9- Détournements mineurs

 Le liquide noir et fumant qui sort en crachant de la Delonghi Nespresso Initia tire la jeune femme de sa rêverie. Elle savait bien que ça allait arriver un jour. Mais déjà !

—Il faut que je remette tout à plat encore une fois et que je revérifie ça avant dimanche soir, pense-t-elle en prélevant le gobelet brulant et en le portant à ses lèvres. Trois ans devraient suffire… Olivier ne voudra surement pas remonter à plus de trois ans en arrière… Mais on ne sait jamais, il vaudrait quand même mieux aller jusqu’à quatre ans… Mais quatre ans, ça fait un sacré boulot ! Et tout ça pour dimanche soir… Bon, allons-y.

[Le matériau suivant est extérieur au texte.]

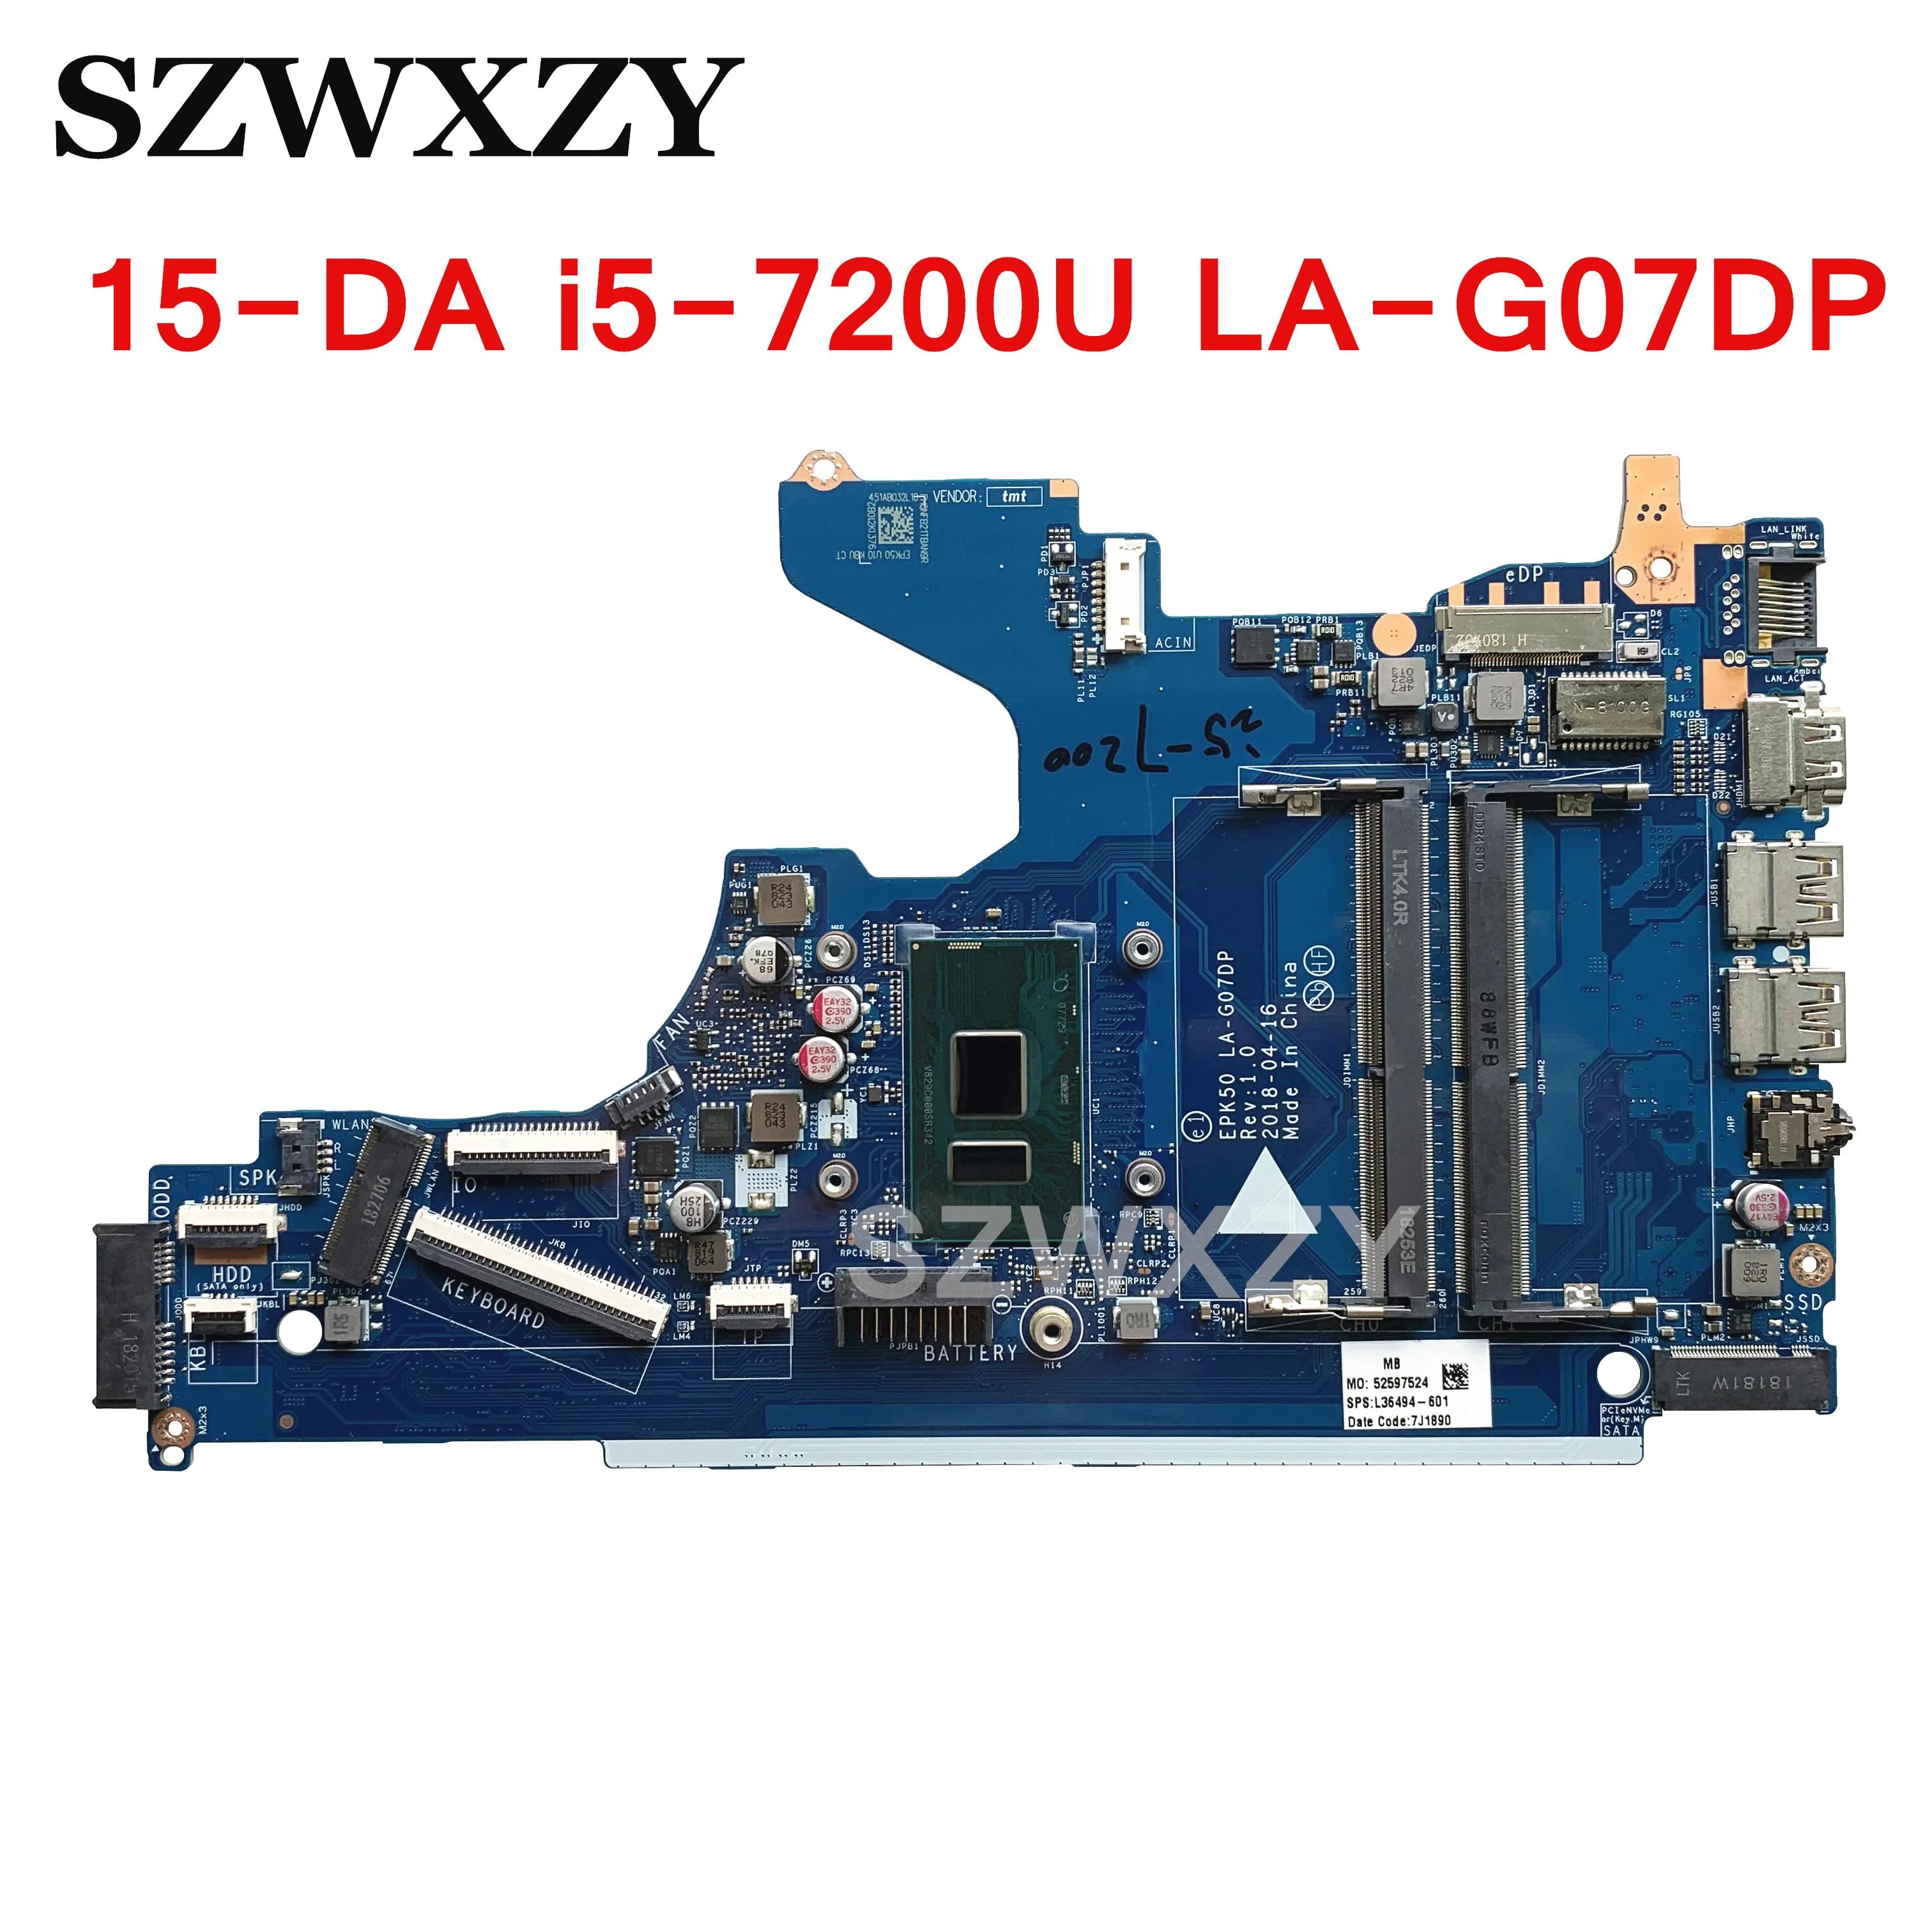  HP 15-DA Ʈ  L36494-001 L36494-601 LA-G07DP, i5-7200U CPU

Elle laisse tomber le gobelet dans une corbeille à papier et se rend dans son petit bureau. Elle empile les cinq classeurs qui rassemblent les factures des quatre derniers exercices et de l’année en cours. Elle les emporte dans le bureau d’Olivier et les pose sur un fauteuil. Puis elle retourne sur ses pas pour aller chercher trois autres classeurs, ceux qui contiennent les contrats d’assurance et les dossiers des fournisseurs. Elle retourne dans le bureau d’Olivier et étale tous les classeurs sur la grande table de réunion. Elle reste là, songeuse, à les contempler.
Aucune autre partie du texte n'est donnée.